My thinking also reminded me what I read in this very paper recently (Daily FT, 9 November 2015). Power from human waste could light millions of homes was the news item and the news item stemmed from a report published by the United Nations Institute for Water, Environment and Health. In this world growing up with resource constraints the new mantra is on resource recovery and what a better way than starting from the toilet itself!
The comment of the UN-INWEH Director, Zafar Adeel, is quite relevant: “When it comes to creating misery and poverty, human waste mismanagement has few rivals.” Though not quite bad from a short-term perspective, we still are mismanaging this waste I thought to myself with the contemplation of the current scenario.
He throws the challenge of a simple cost-effective new approach in a low-resource setting to harness the benefit from the waste. In my view he should not think of this opportunity not only from a solution to poverty alleviation for a group of people but understand with proper integration and design much more benefits can be accrued right across all societies.
Well, the first ‘Poo Bus’ running in UK in Bath uses the biogas generated from the sewage treatment plant where all the city’s toilets would be collectively discharging. UNU-INWEH report calculates for the one billion people around the world who defecate in the open the potential with capture to be electricity for 10 million to 18 million households! When the waste loop is closed, how much additional issues can be avoided should be obvious to the discerning reader.
The Gates challenge
That there are even more opportunities are clearly shown by the interest shown by the Gates Foundation. Bill and Melinda Gates have challenged some time back the redesign of the toilet. There grant offer was to redesign toilets to develop cheap, waterless toilets so as to generate energy and recover water and nutrients.

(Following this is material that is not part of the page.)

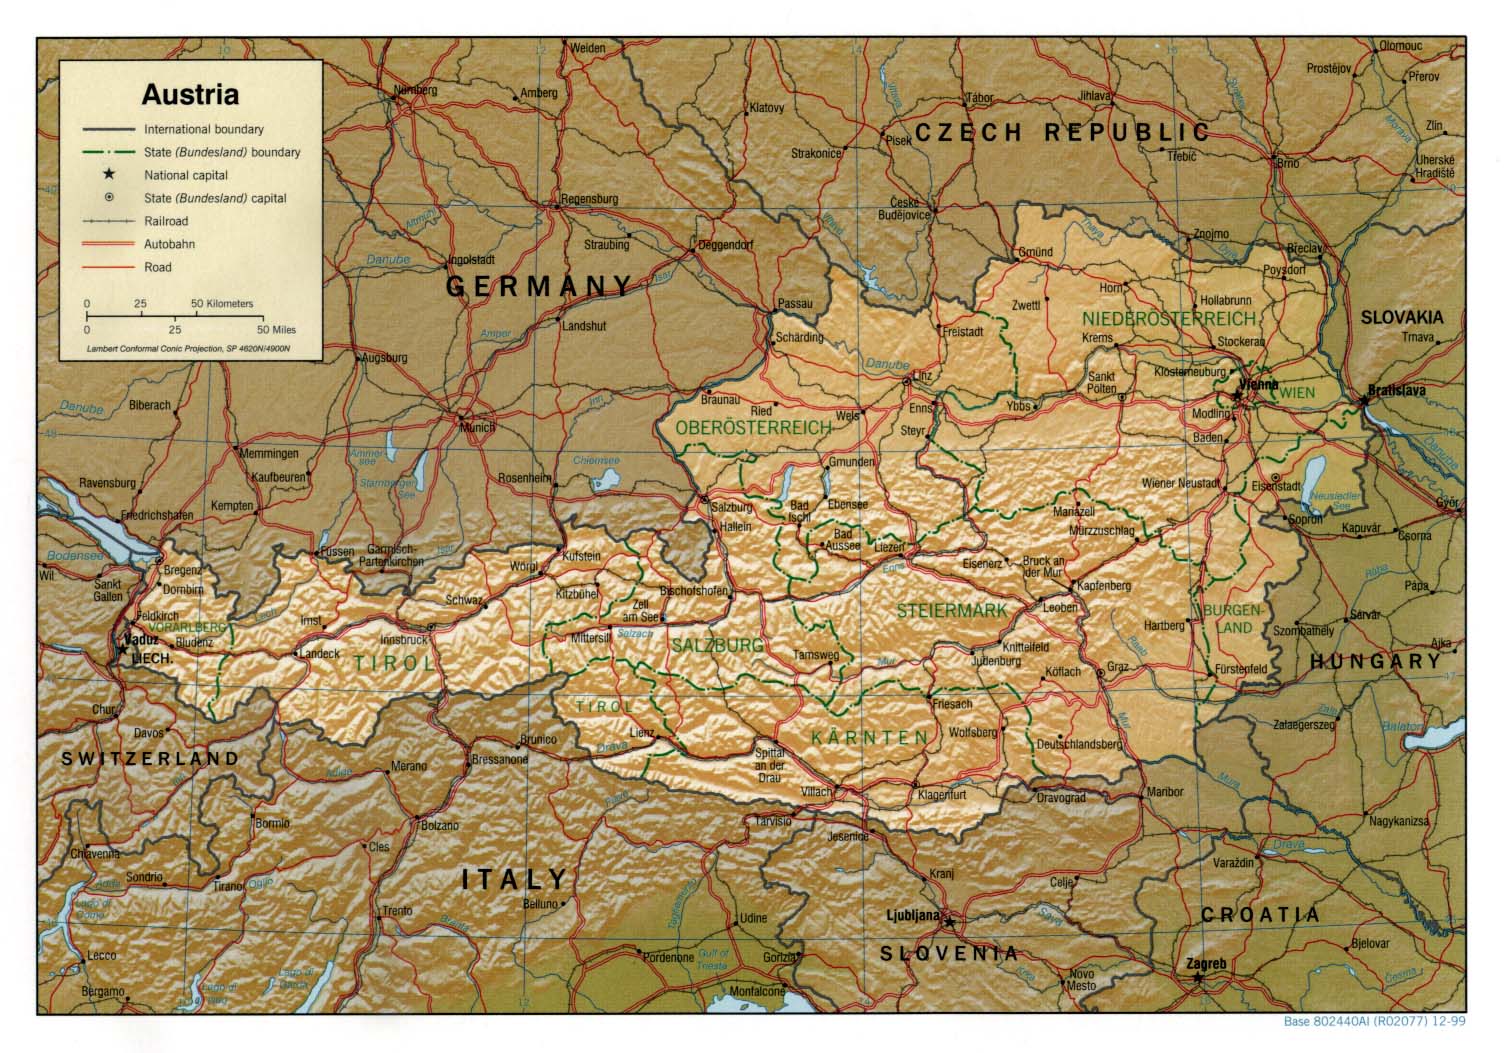 austria térkép Ausztria térkép lap   Megbízható válaszok profiktól austria térkép

Their expectation was to drive the development of such toilets to reduce the number of children who die of diarrhoea each year, which can be as high as 1.5 million. Some pretty exotic pathways have been tried out. The idea matches that in Germany where there is the interest in capturing nutrients especially phosphorus from urine to realise national requirements!
I have seen the transformation from the open pits to Toilet 2.0 in the Gates challenge designs. However, time has its limits and it is time to flush and come back to reality. However, the scenario that flashed across cannot be ignored as I know that what we are currently doing and supposedly quite civilised is not a valid action any more as the time moves. Sri Lanka too should be considering the Gates initiative to look at the Version 2.0 for the local system. The Gates strategy is to redefine or reinvent the toilet and the new operating system requires going circular in deed and in thinking.
Walking backwards
It is of no use questioning the Railways Department. We should be questioning ourselves on how are we managing to walk backwards. Inventing the flush toilet and with the valve system to the cistern (i.e. Mr. Crapper and his patents from UK) along with underground sewers, the British gave a whole new definition to the process of urban sanitation.
In Sri Lanka we are left with archaeological evidence of some superior systems but having left behind the inventive streak what stares at us today even from a simple railway platform is locked doors of toilets with a message ‘Tourist Toilet’. I need to flush again!